I think I must compute the following posterior distribution $P(\sigma_{\mathbf{b}}^2|\mathbf{A},\mathrm{rest})\propto\int \mathcal{N}\Big(\mathbf{A}|(\mathbf{C}\otimes\mathbf{C})\mathbf{vec}(\mathbf{b}),\sigma_{\mathbf{A}}^2\mathbb{I}_{N^2}\Big)\mathcal{N}\Big(\mathbf{vec}(\mathbf{b})|\mathbf{0},\sigma_{\mathbf{b}}^2\mathbb{I}\Big)\;\mathrm{d}\mathbf{b}\times\text{Inv-Gam}(\sigma_{\mathbf{b}}^2|c,d)$.

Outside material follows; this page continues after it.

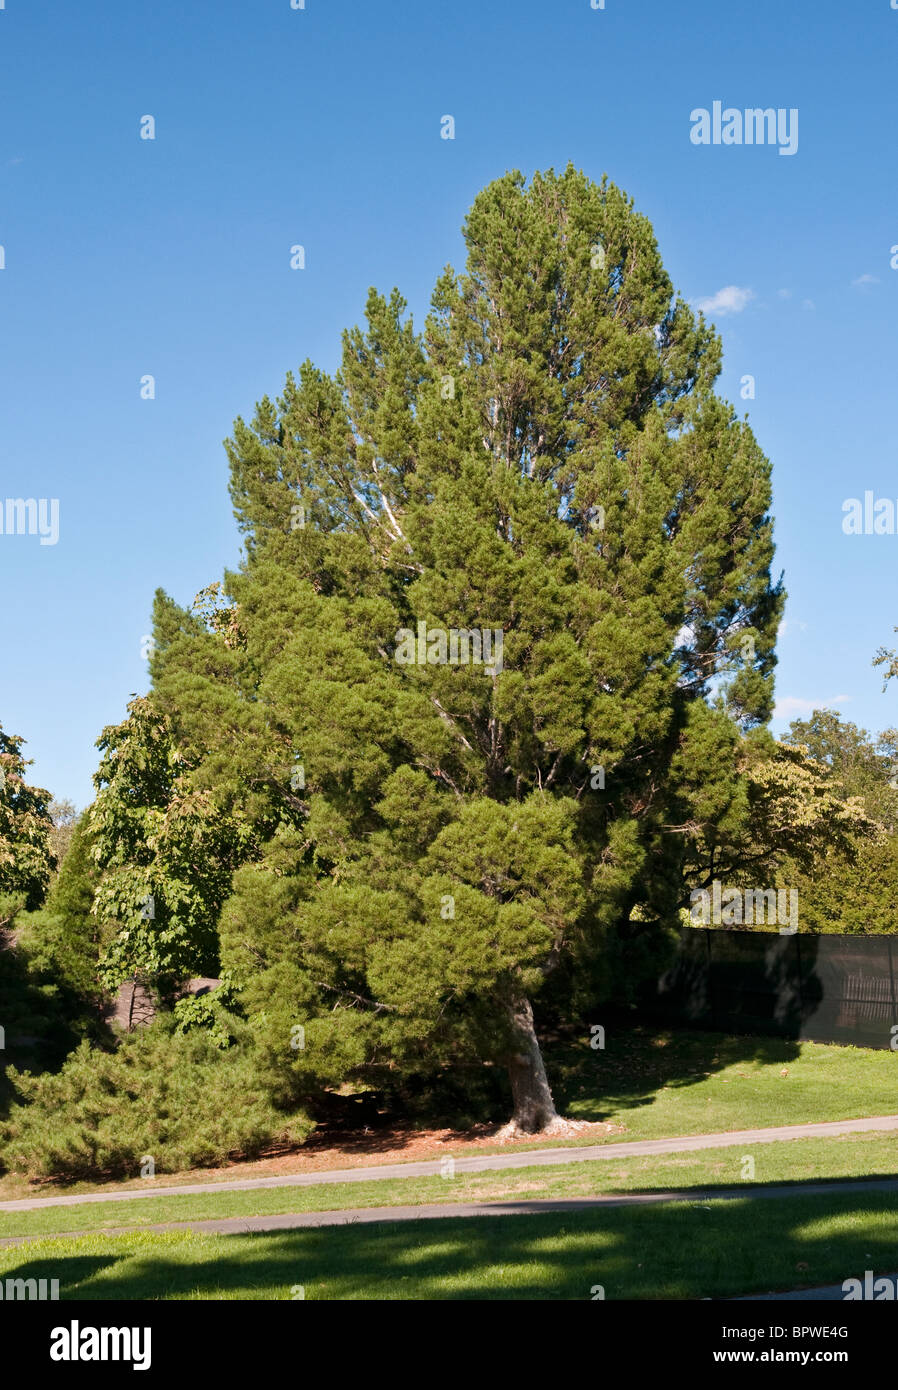 Lacebark Pine - Pinus bungeana Stock Photo

If I can integrate out $\mathbf{b}$ and use completing the square here I would have $\mathcal{N}\Big(\mathbf{vec}(\mathbf{b})|\mu_{\mathbf{b}}, \Sigma_{\mathbf{b}}\Big)$ where $\Sigma_{\mathbf{b}}=\Big(\frac{1}{\sigma_{\mathbf{b}}^2}\mathbb{I}+\frac{1}{\sigma_{\mathbf{A}}^2}(\mathbf{C}\otimes\mathbf{C})^T(\mathbf{C}\otimes\mathbf{C})\Big)^{-1}$ and $\mu_{\mathbf{b}}=\frac{1}{\sigma_{\mathbf{A}}^2}\Sigma_{\mathbf{b}}^{-1}(\mathbf{C}\otimes\mathbf{C})^T\mathbf{A}$.

Challenges:

Computational Complexity: The integration involves a complex multivariate normal distribution, which makes it challenging to use the conjugacy properties of the Normal and Inverse Gamma distributions for estimating parameters $c$ and $d$ in a closed form.

Specific Question:

Gibbs Sampling: In the context of Gibbs Sampling, are there any strategies or simplifications that could aid in computing this posterior distribution, particularly for obtaining a closed-form distribution for the posterior of $\sigma_{\mathbf{b}}^2$? Based on my calculation the posterior should be $ p(\sigma^2_{\mathbf{b}}|\mathbf{A},..)=\mathcal{N}\Big(\mathbf{A}\Big|\;\boldsymbol{0},\sigma_{\mathbf{A}}^2\mathbb{I}_{N^2}+\sigma_{\mathbf{b}}^2(\mathbf{C}\otimes\mathbf{C})(\mathbf{C}\otimes\mathbf{C})^T\Big)\times\frac{d^c}{\Gamma(c)(\sigma^2_{\mathbf{b}})^{c+1}}\exp(-\frac{d}{\sigma^2_{\mathbf{b}}})$ while $\sigma^2_{\mathbf{b}}$ appears in the covariance of a multivariate Gaussian which is not intuitive to me how could I extract it in oorder to build the posterior of $\sigma^2_{\mathbf{b}}$.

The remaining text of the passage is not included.